When the kids left for college, Ruby was still married to Zack, though they barely saw or spoke to each other. He carried on his affairs, though less and less discreetly. Kendall blamed her mother for her father’s loneliness which drove him into the arms of other women. She didn’t see the pain he had caused her mother or the soul-deadening abuse of his constant infidelities. Nick had accidentally seen him with other women on several occasions and hated him for it. It was exactly what Zack had felt about his own father. Kendall was willing to do anything to win her father’s approval, including blame her mother for her parents’ bad marriage. She no longer remembered the times she had seen her crying during her childhood.
Nick hated the fact that his mother stayed and didn’t have the courage to leave his father. Once both her children were in college, she no longer had the excuse that it was for her children. She was forty-one when Nick left for school in London, and she had been miserable with Zack for the last fifteen years. Eventually she didn’t even know she was. She was just numb. Her grandmother had seen it for many years, and reminded her that she needed a life too, not just a father for her children. Once they were gone, what excuse would she use? Her grandmother hadn’t lived long enough to see her free of him.
Ruby spent more and more time in Tahoe maintaining her grandmother’s gardens, in memory of her and for her own peace of mind.
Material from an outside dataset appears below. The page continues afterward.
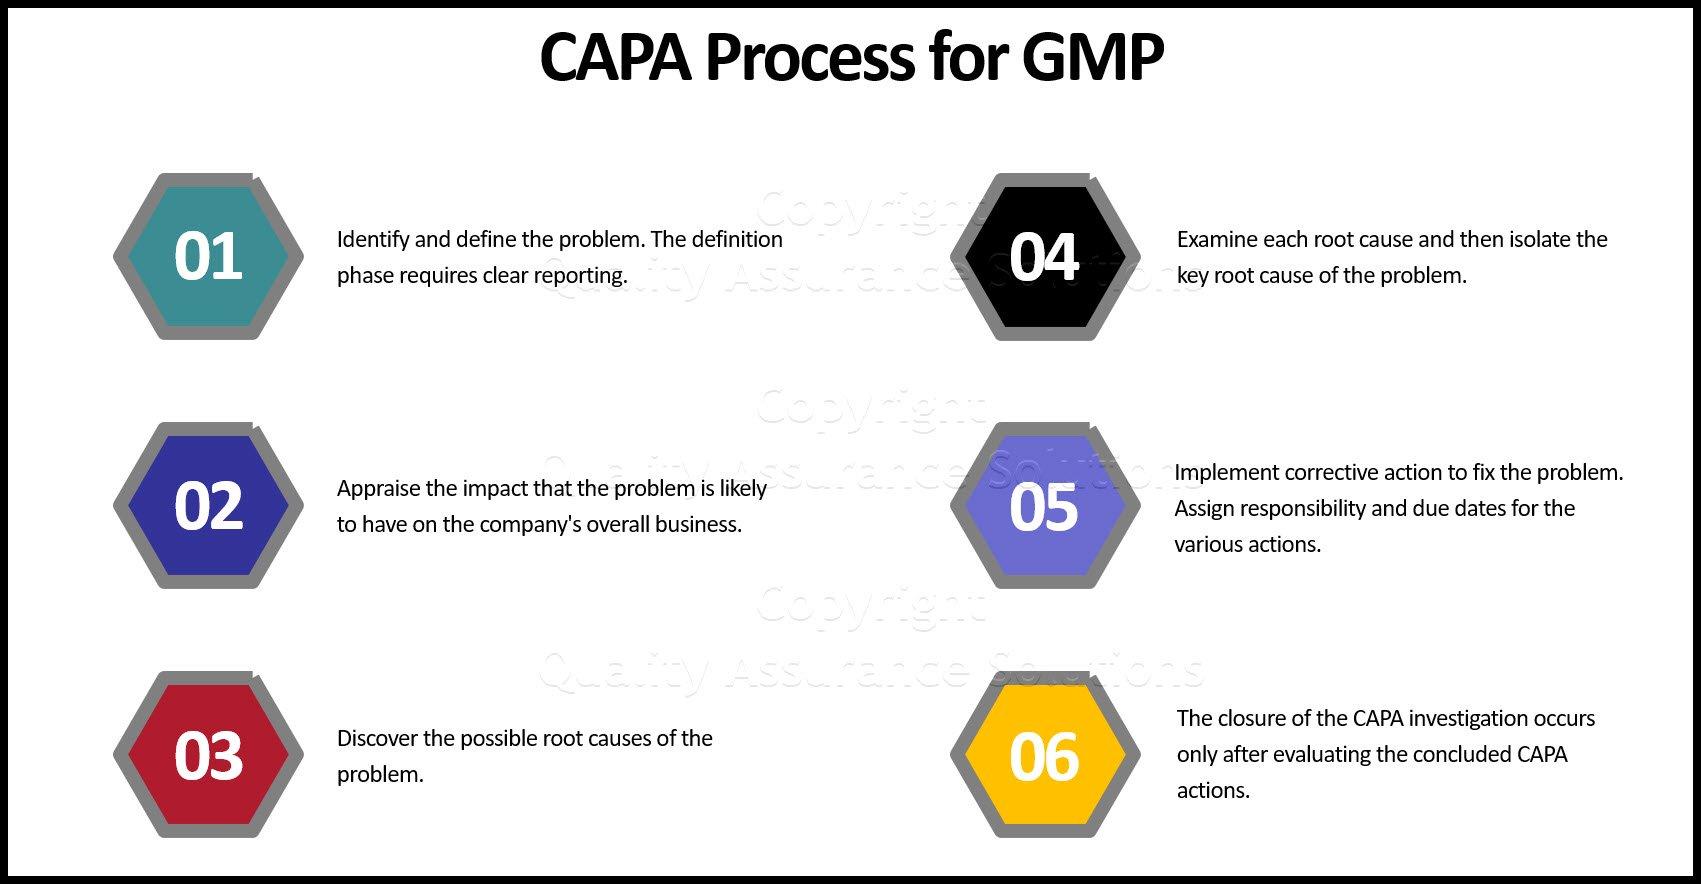 Preventive Corrective Action business slide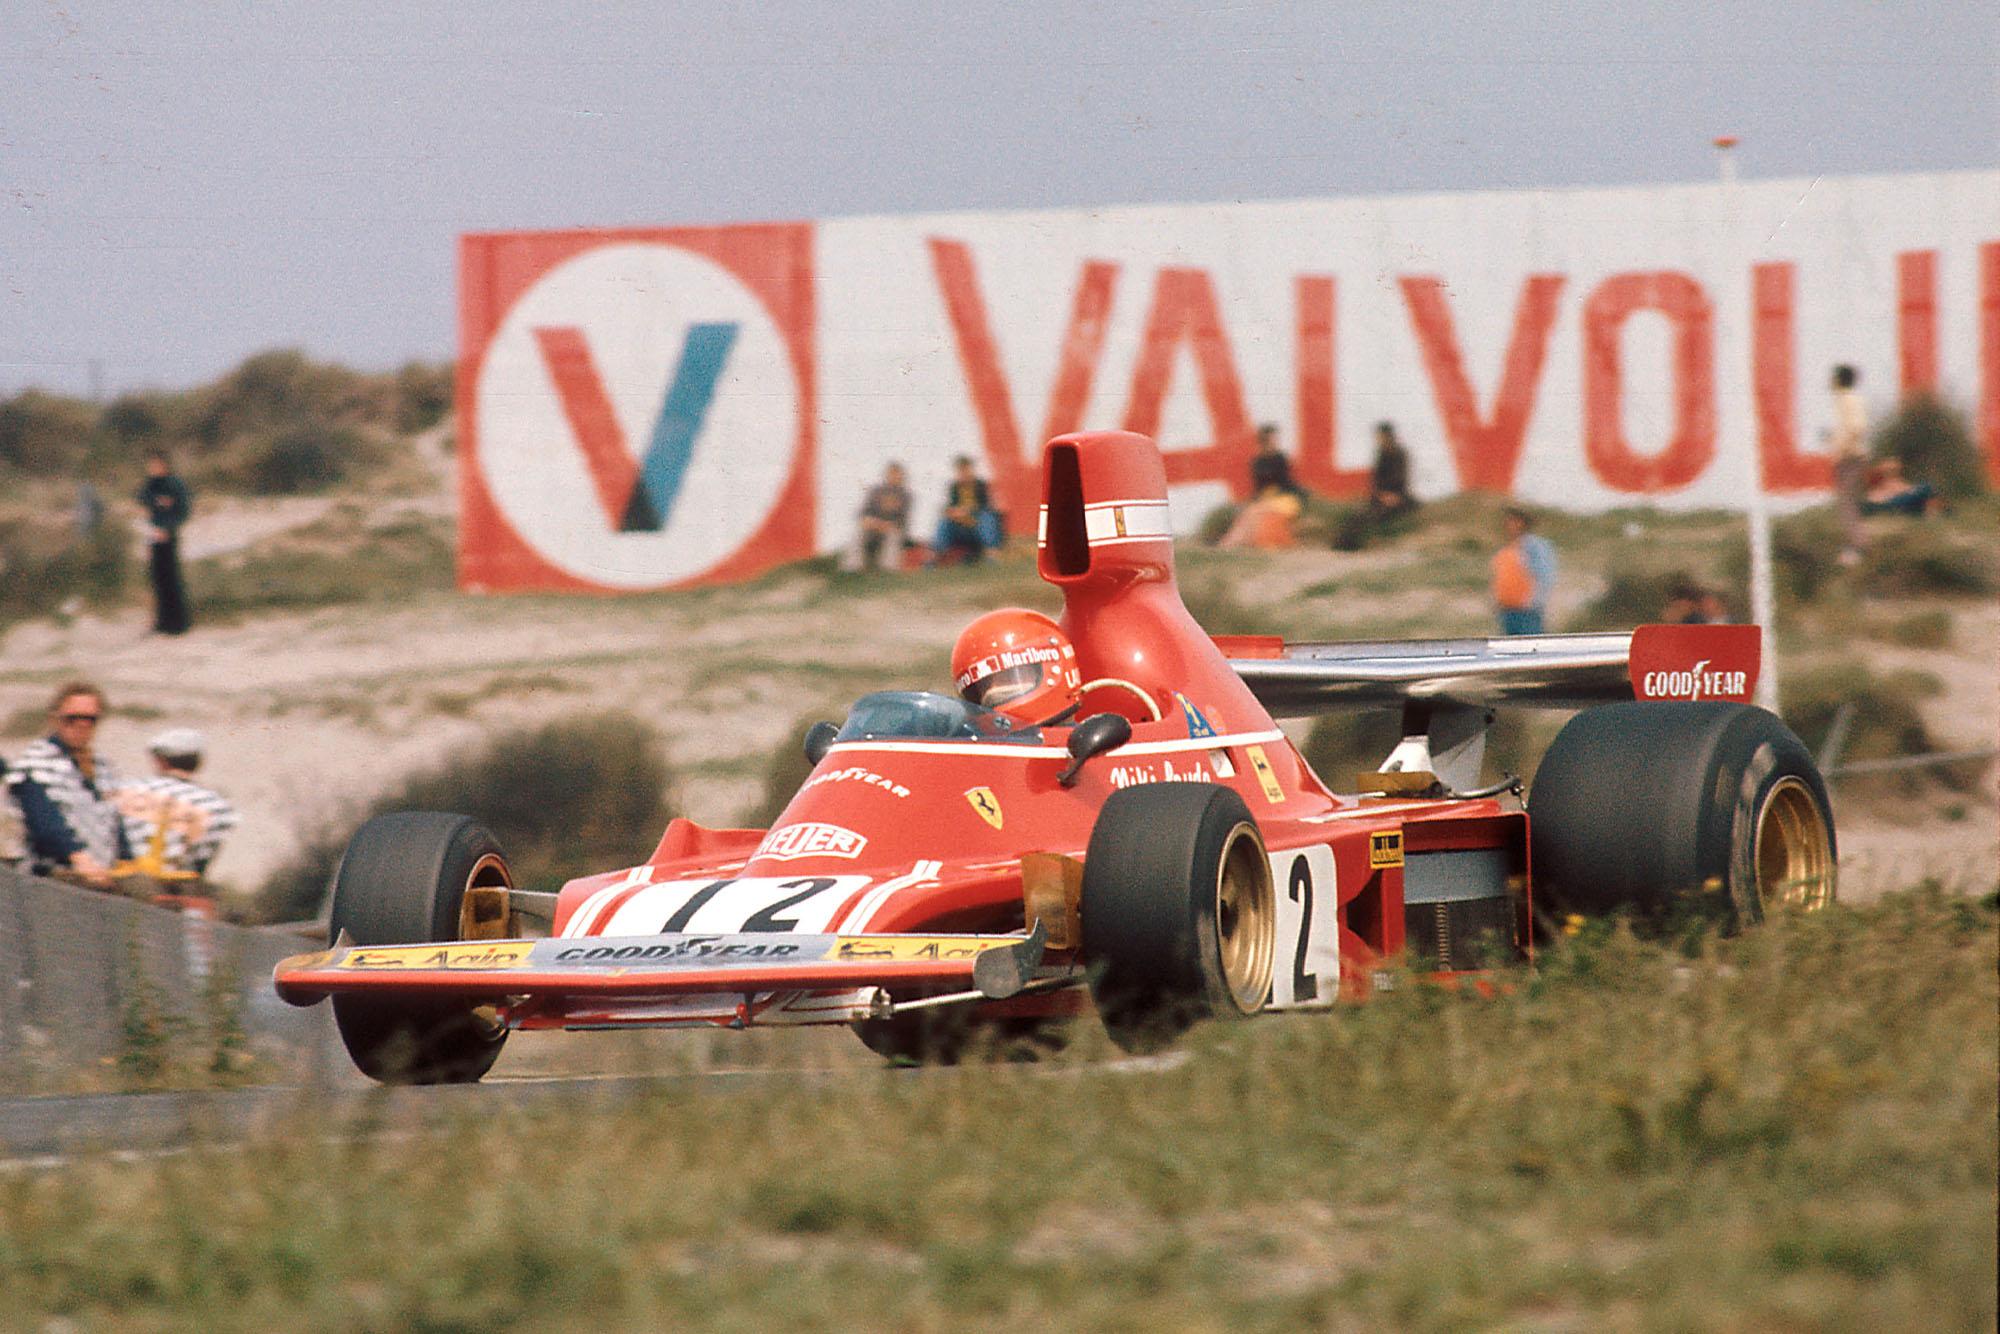 Niki Lauda (Ferrari) on his way to victory at the 1974 Dutch Grand Prix.

She had no reason to go back to the city, to the house where her grandmother and her own children had grown up. It felt hollow now, with no love in it. She was more at home in the simple cottage in Tahoe. Her grandmother’s house in Tahoe stood empty now.
Zack traveled extensively, and had apartments in New York and London, and still had the boat. Ruby disappeared to Tahoe when he came back to San Francisco, so they didn’t have to be in the house together. It was an unspoken agreement, and she came back from Tahoe when he left.
They both attended Kendall’s graduation from UCLA, and left separately immediately afterward. Zack had flown in from London and Ruby had successfully avoided him for six months before that, although officially they still lived at the same address. And the rare times they saw each other, the house was large enough that they could avoid each other.